What you should do: Exact transcription of the data below is required, without the images.

Recorded data:
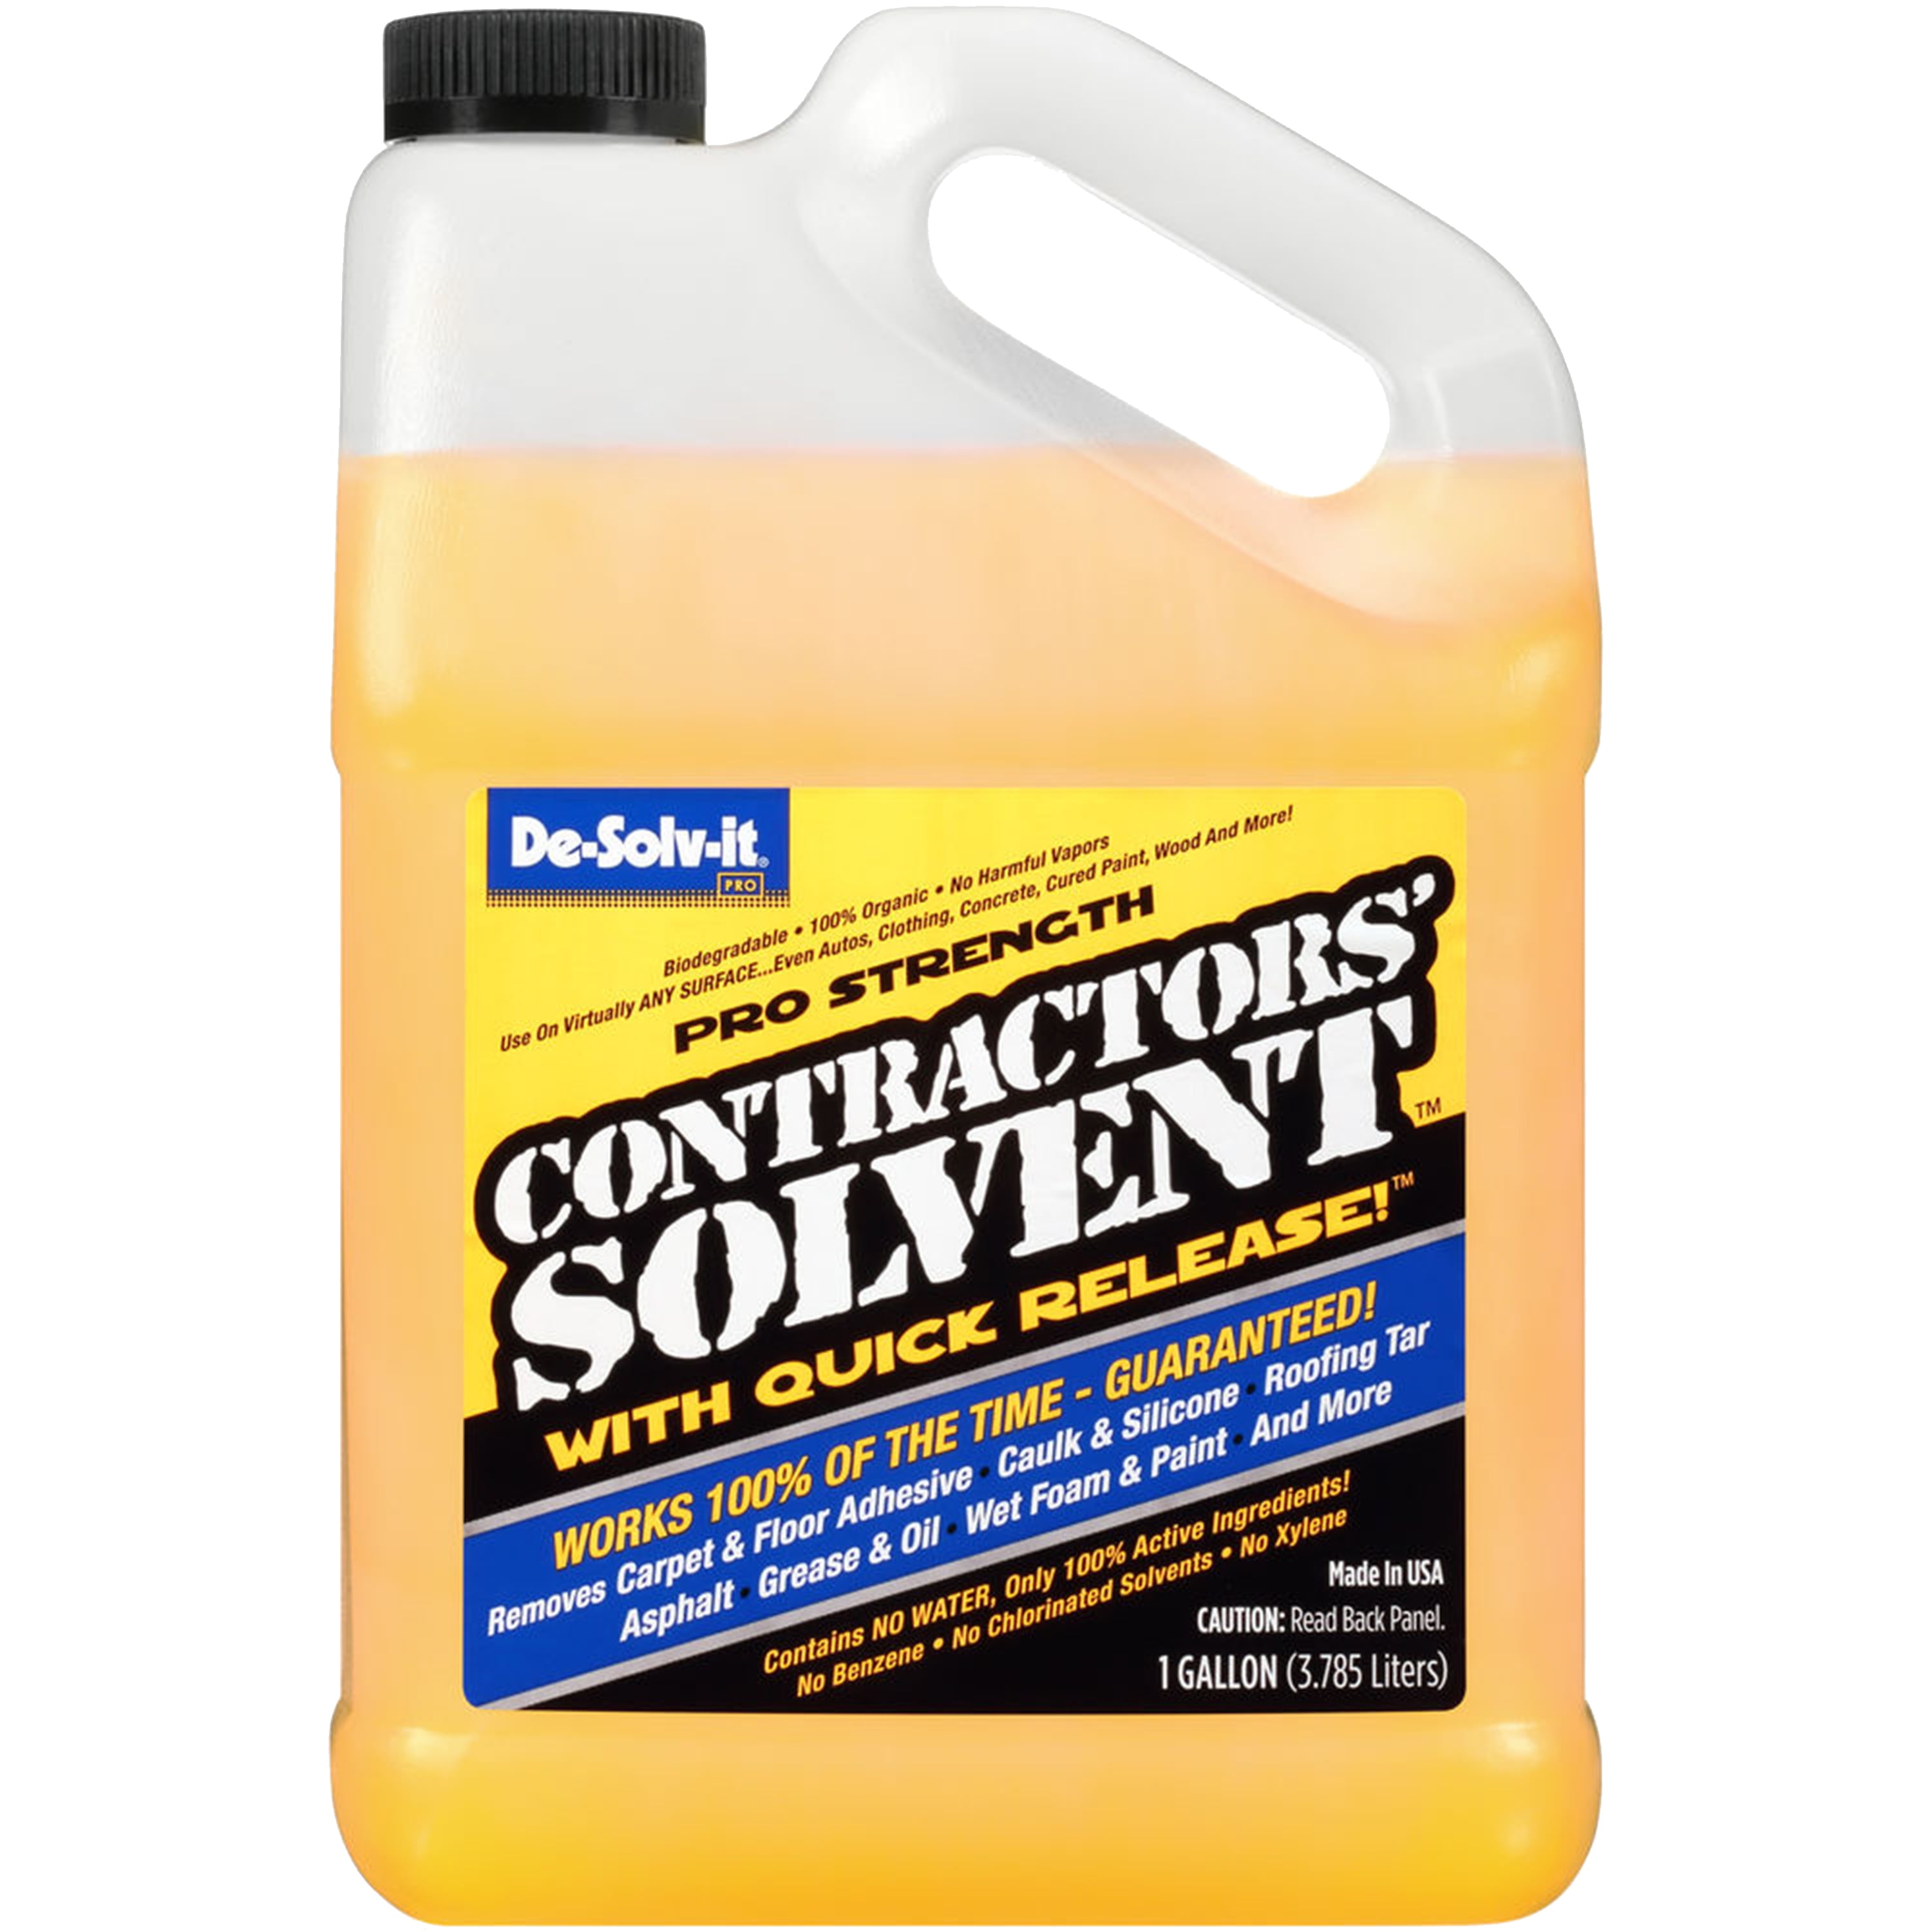 Quality Chemical Aluminum Cleaner and Brightener and Restorer, 1 Gallon,  128 Ounce
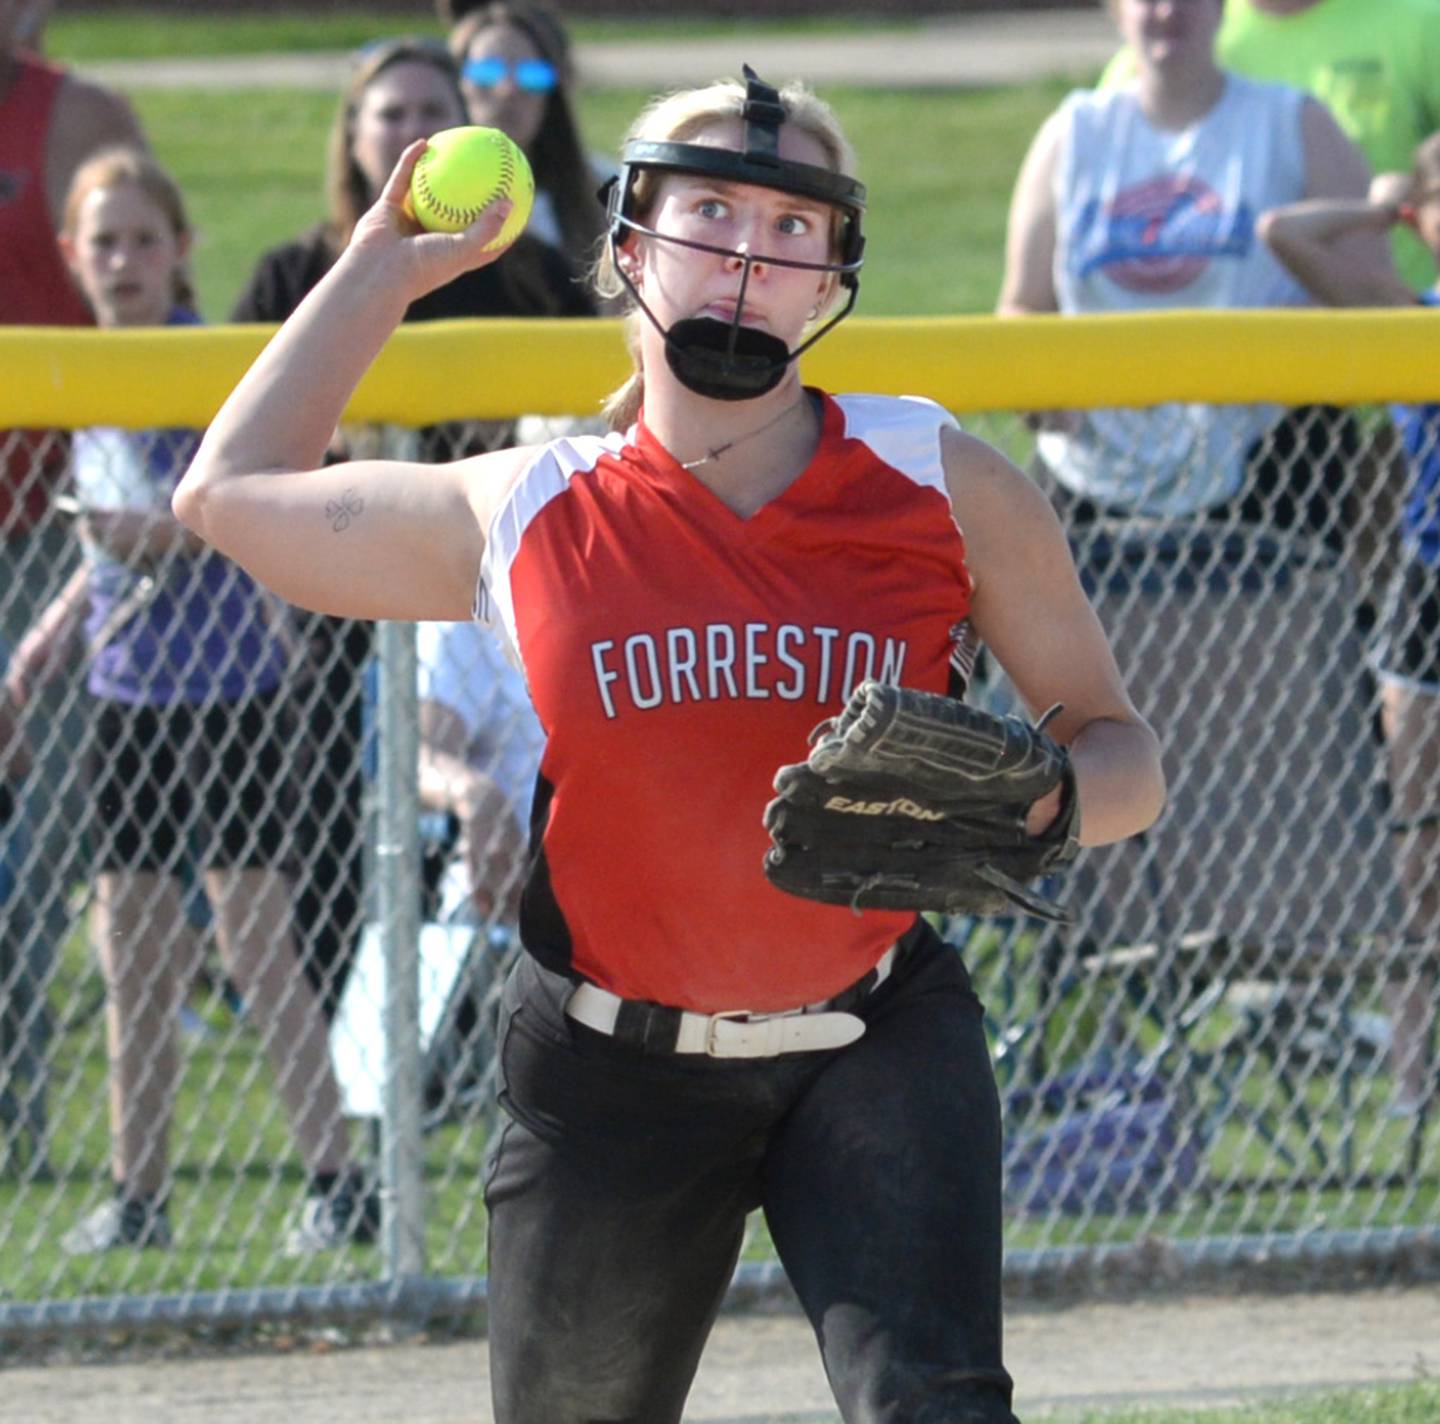 Forreston third baseman Rylee Broshous looks at an Orangeville runner before throwing to first for an out during the 1A Forreston Sectional against Orangeville on Tuesday, May 23.
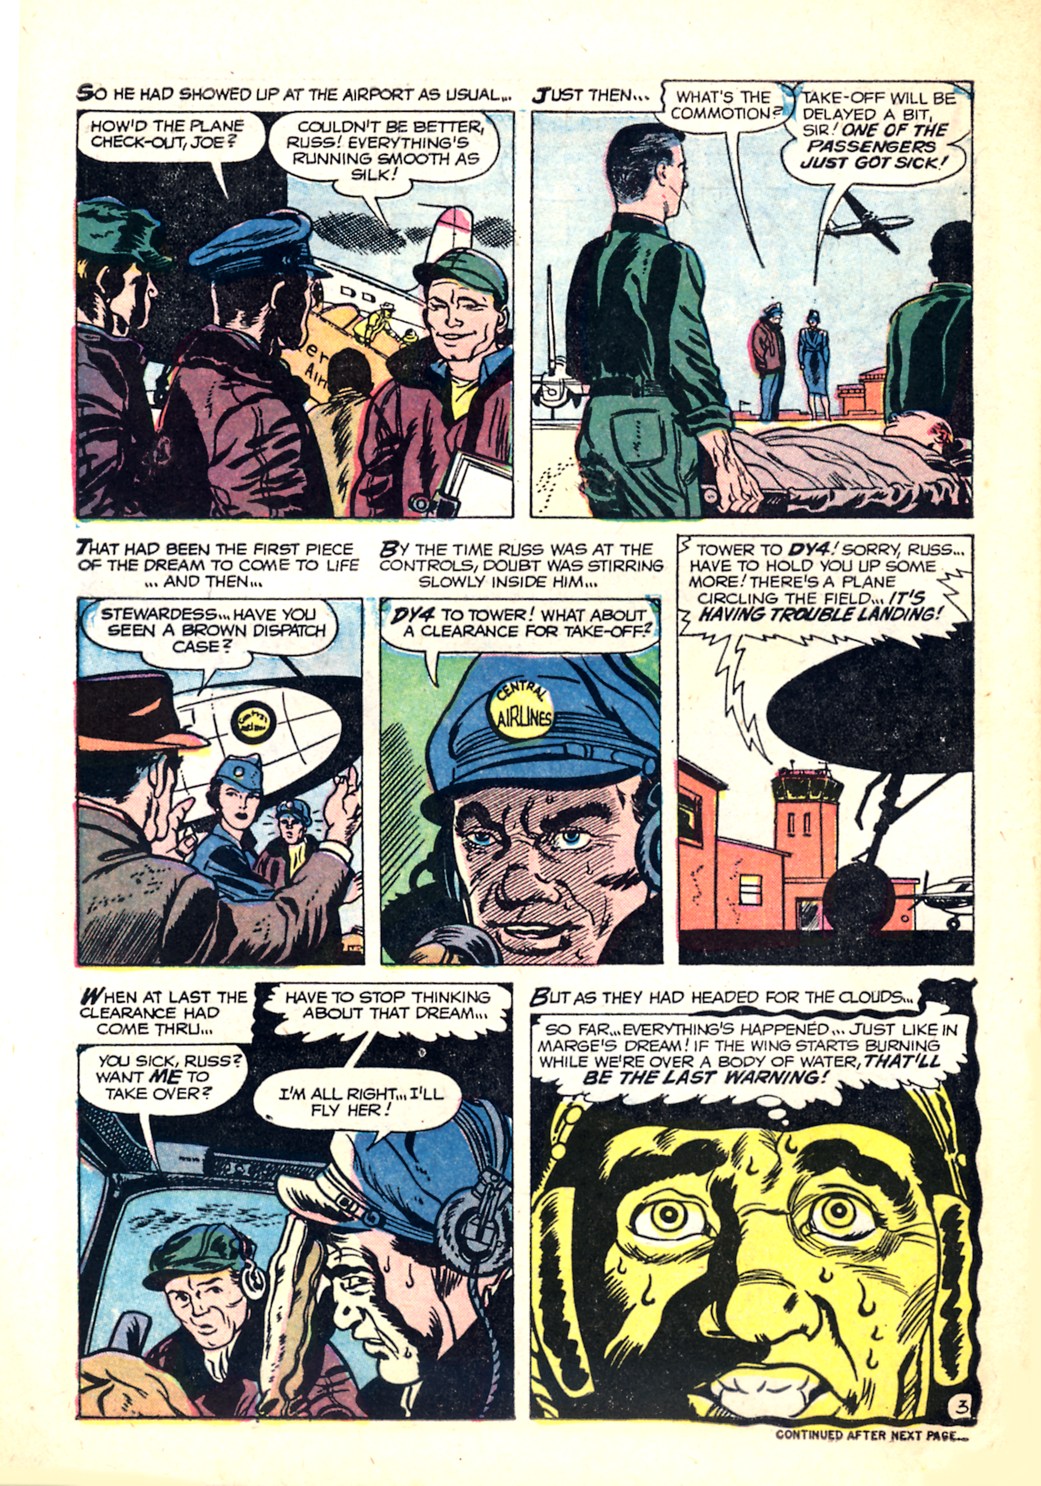 Marvel Tales (1949) 149 Page 9
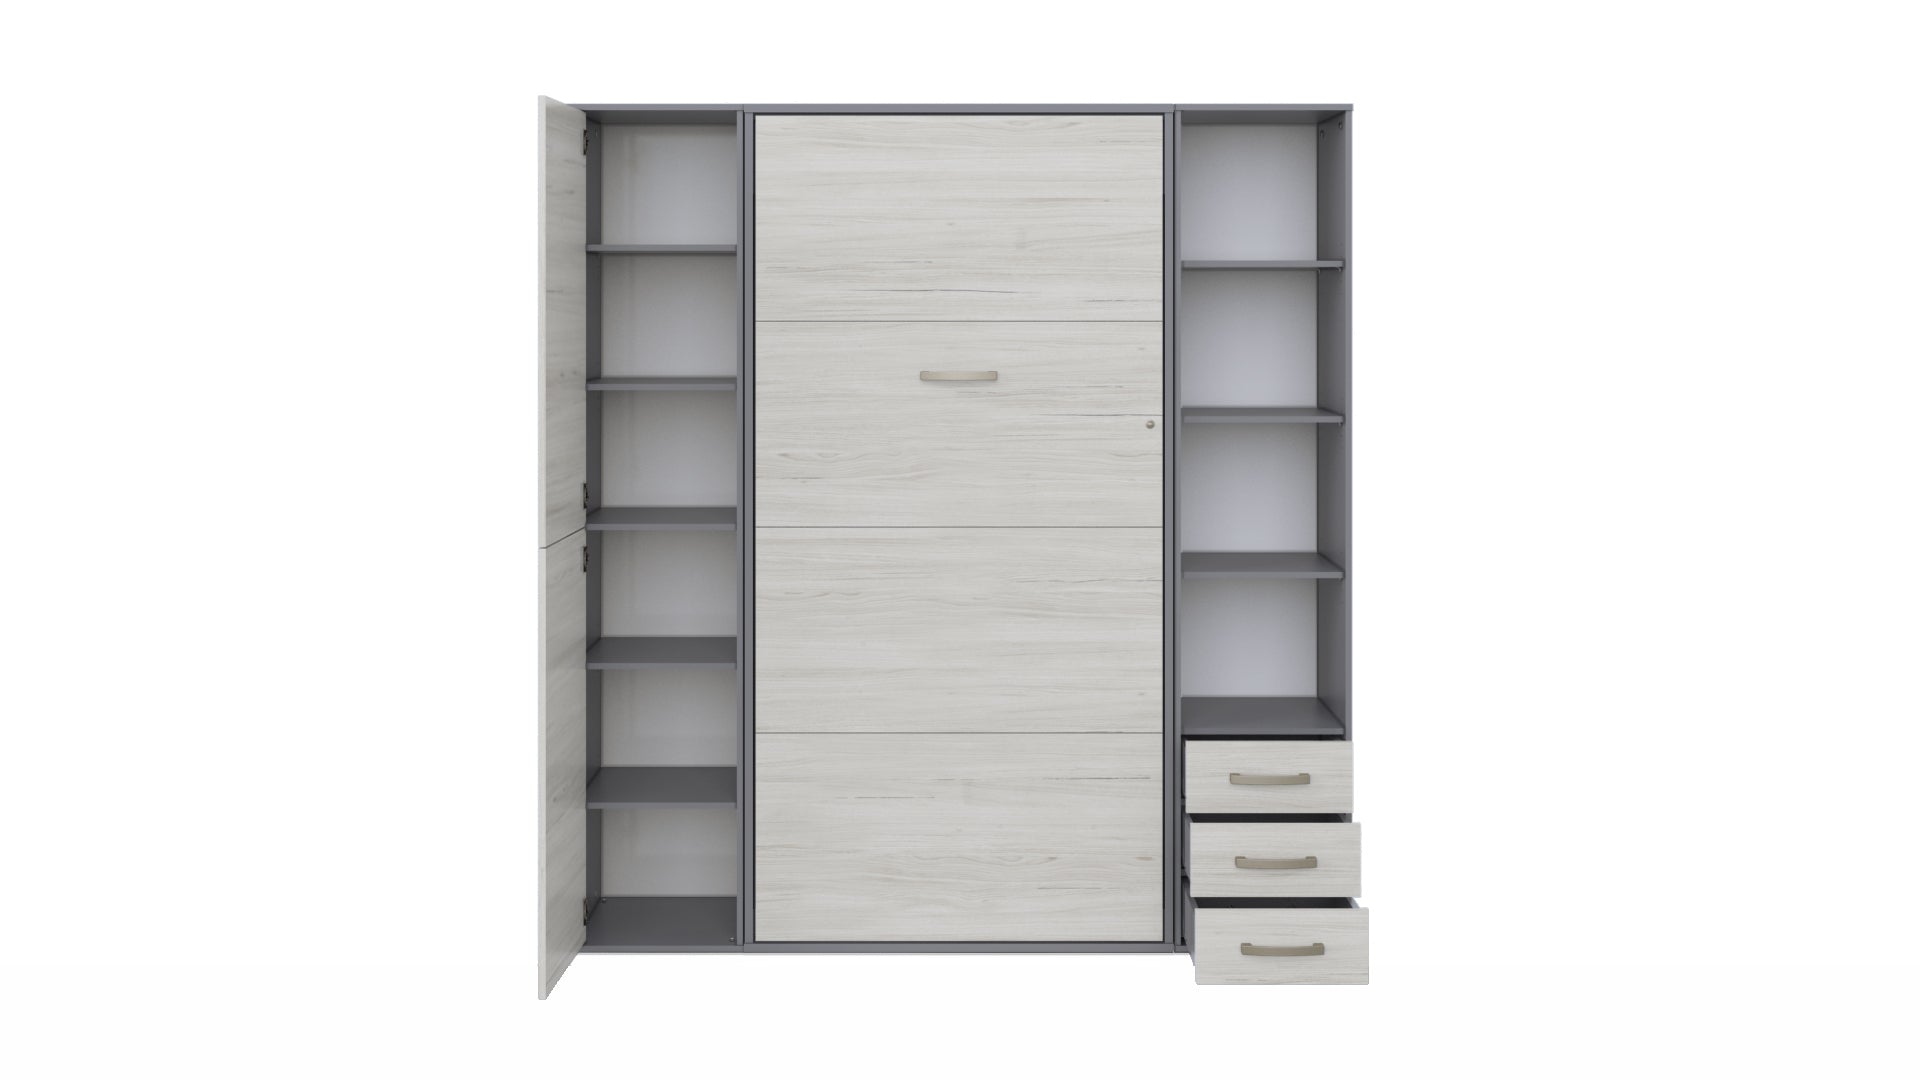 Maxima House - Invento Vertical Wall Bed European Twin Size With 2 Cabinets IN90V-08/09W

Solution to this problem:
 Quality Chemical Aluminum Cleaner and Brightener and Restorer, 1 Gallon,  128 Ounce
 Forreston third baseman Rylee Broshous looks at an Orangeville runner before throwing to first for an out during the 1A Forreston Sectional against Orangeville on Tuesday, May 23.
 Marvel Tales (1949) 149 Page 9
 Maxima House - Invento Vertical Wall Bed European Twin Size With 2 Cabinets IN90V-08/09W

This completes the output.